**EXERCISE DATA:**
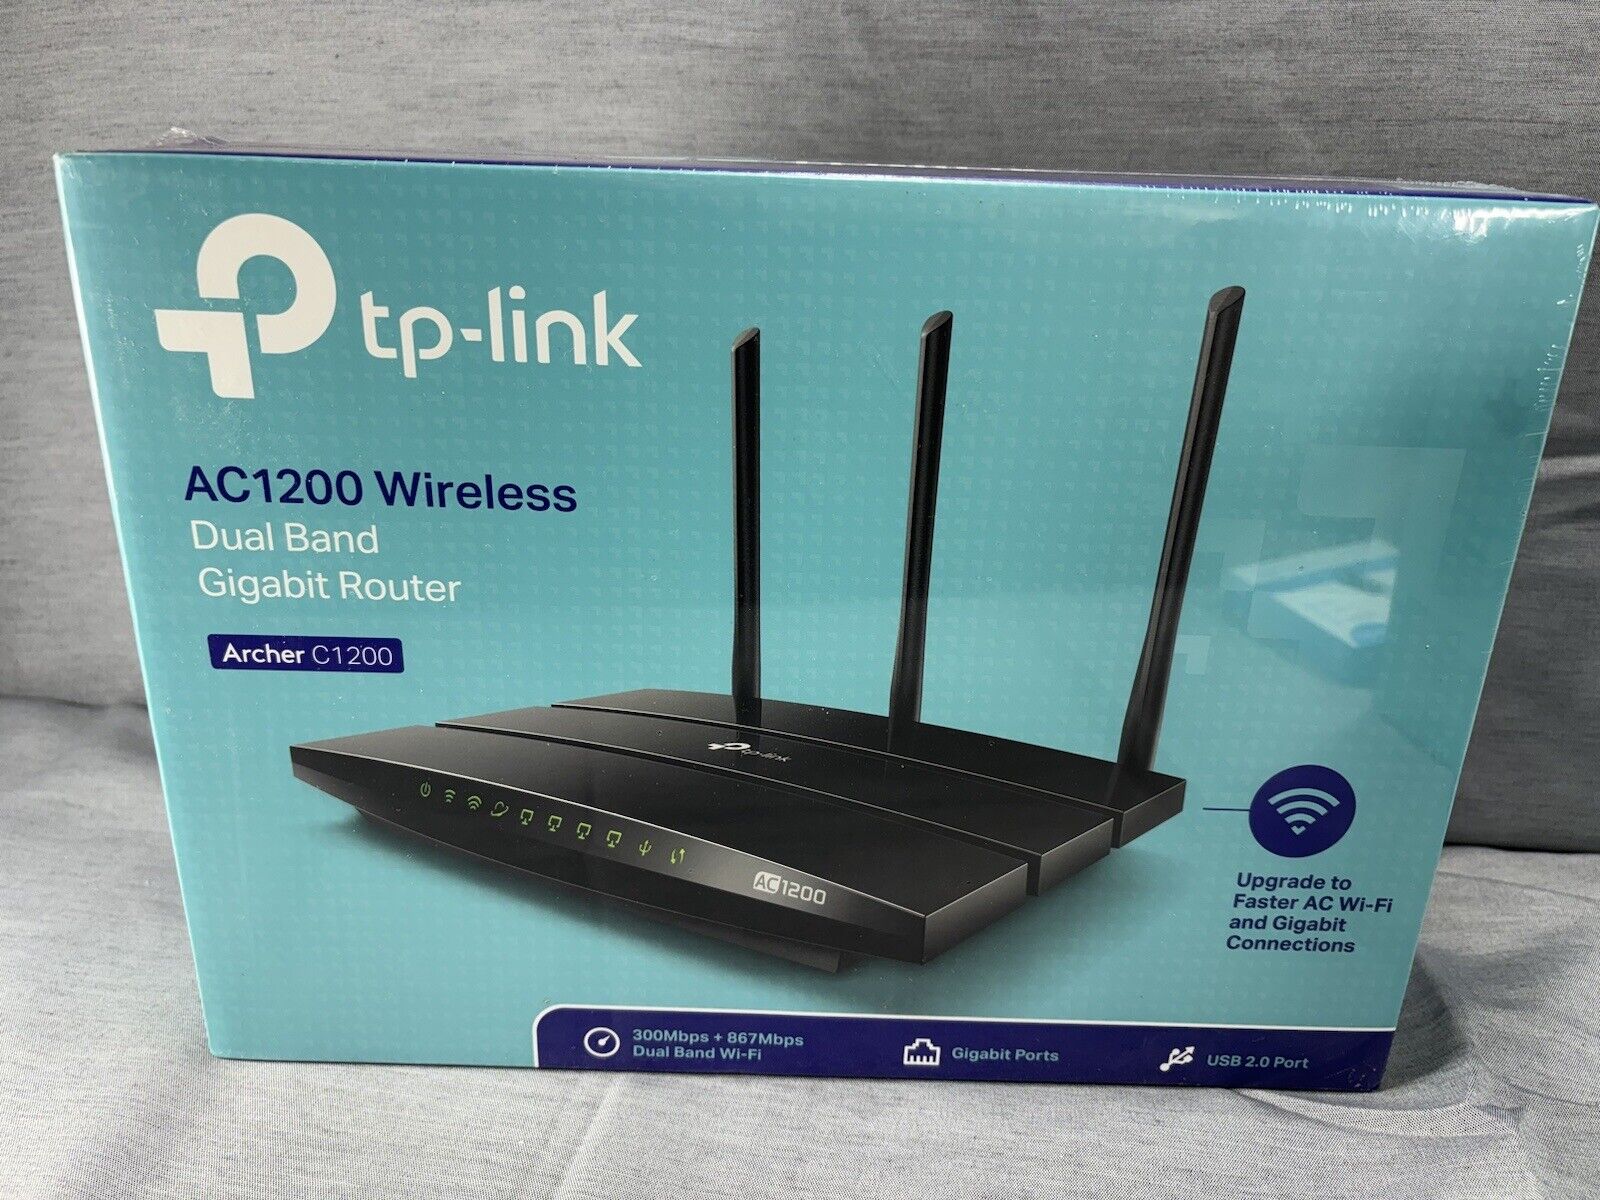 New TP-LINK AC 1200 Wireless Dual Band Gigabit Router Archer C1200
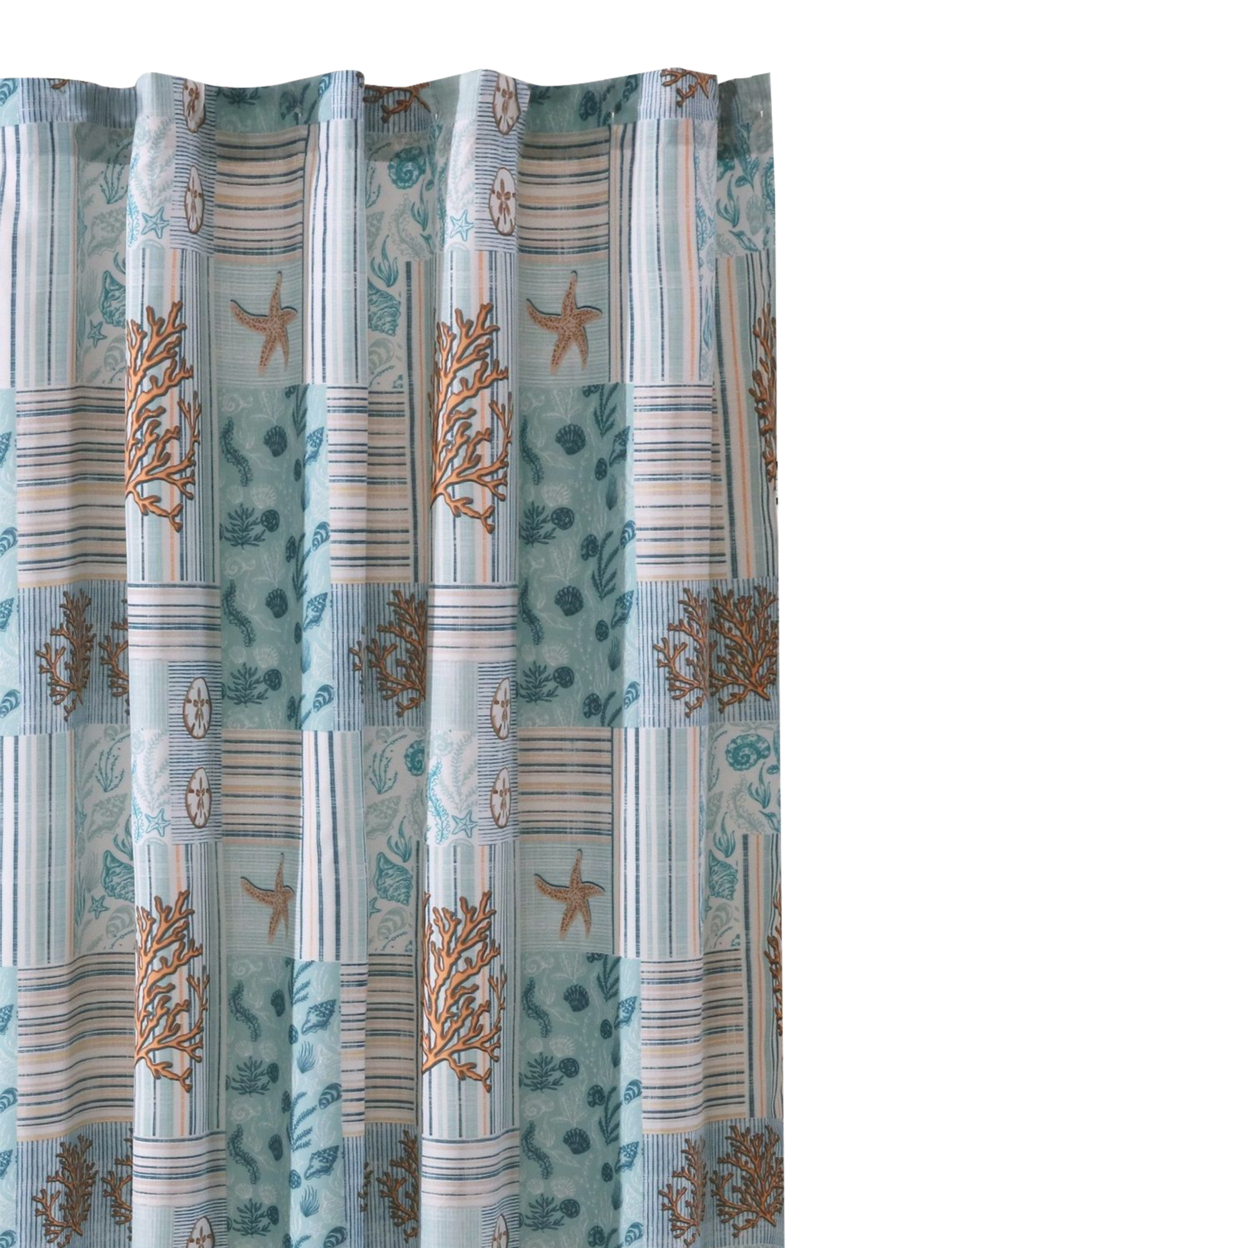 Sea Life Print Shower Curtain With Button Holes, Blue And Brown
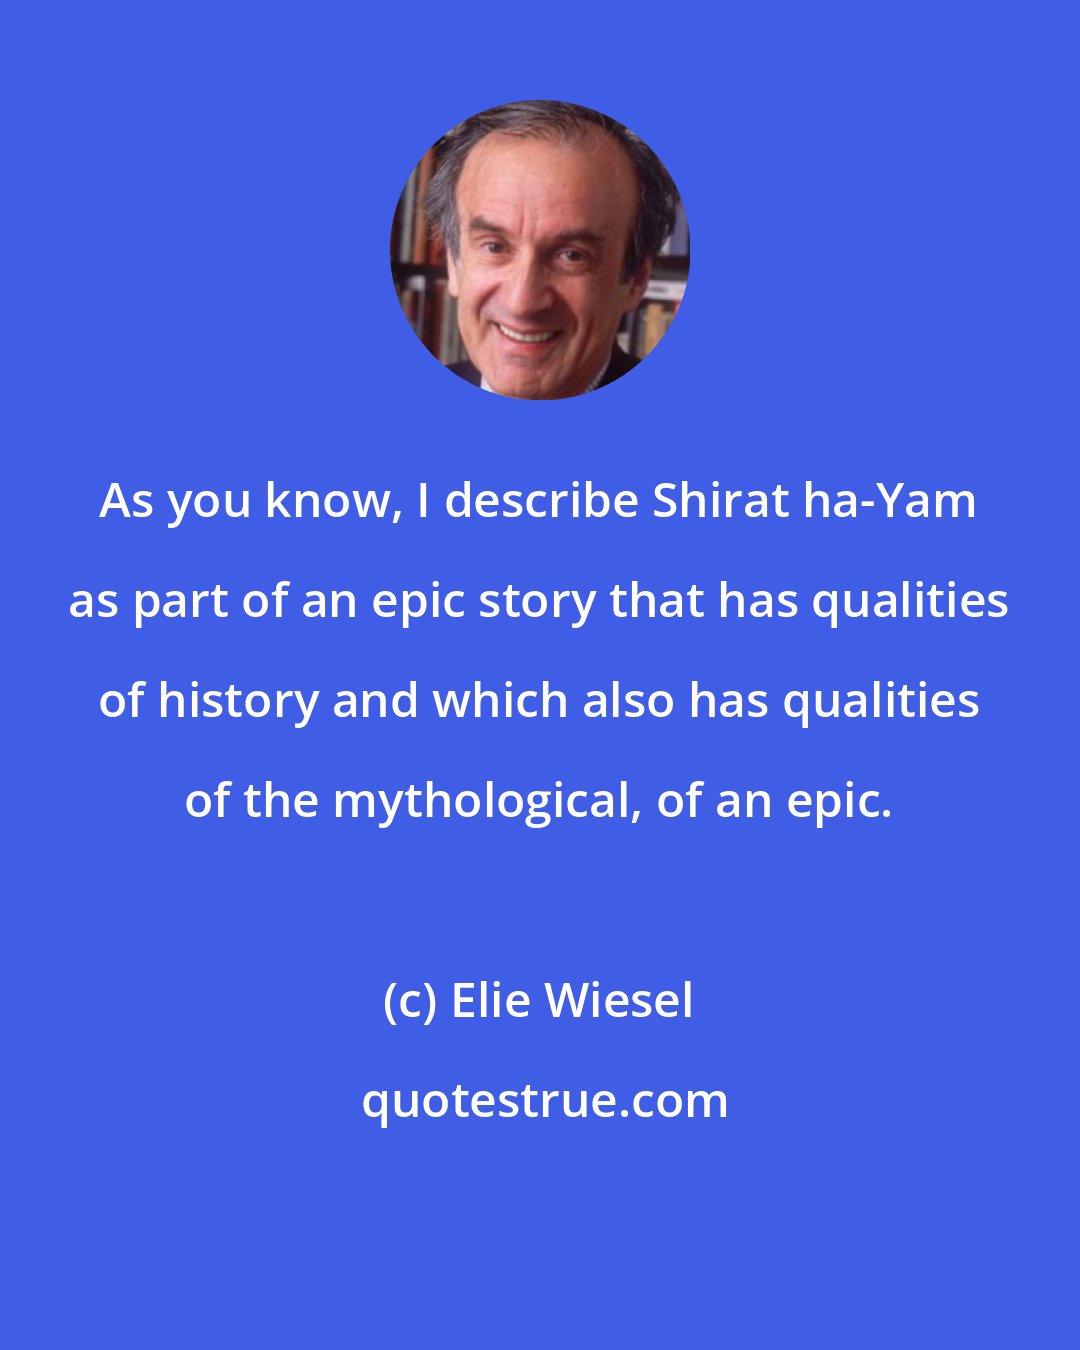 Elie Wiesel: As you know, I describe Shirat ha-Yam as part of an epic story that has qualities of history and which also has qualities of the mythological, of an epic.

**YOUR TASK:**
A word-for-word copy is required of the lines above from the line with "Sea Life Print" through the last line of the data; no other lines and no pictures belong in it.

**TASK RESPONSE:**
 Sea Life Print Shower Curtain With Button Holes, Blue And Brown
 Elie Wiesel: As you know, I describe Shirat ha-Yam as part of an epic story that has qualities of history and which also has qualities of the mythological, of an epic.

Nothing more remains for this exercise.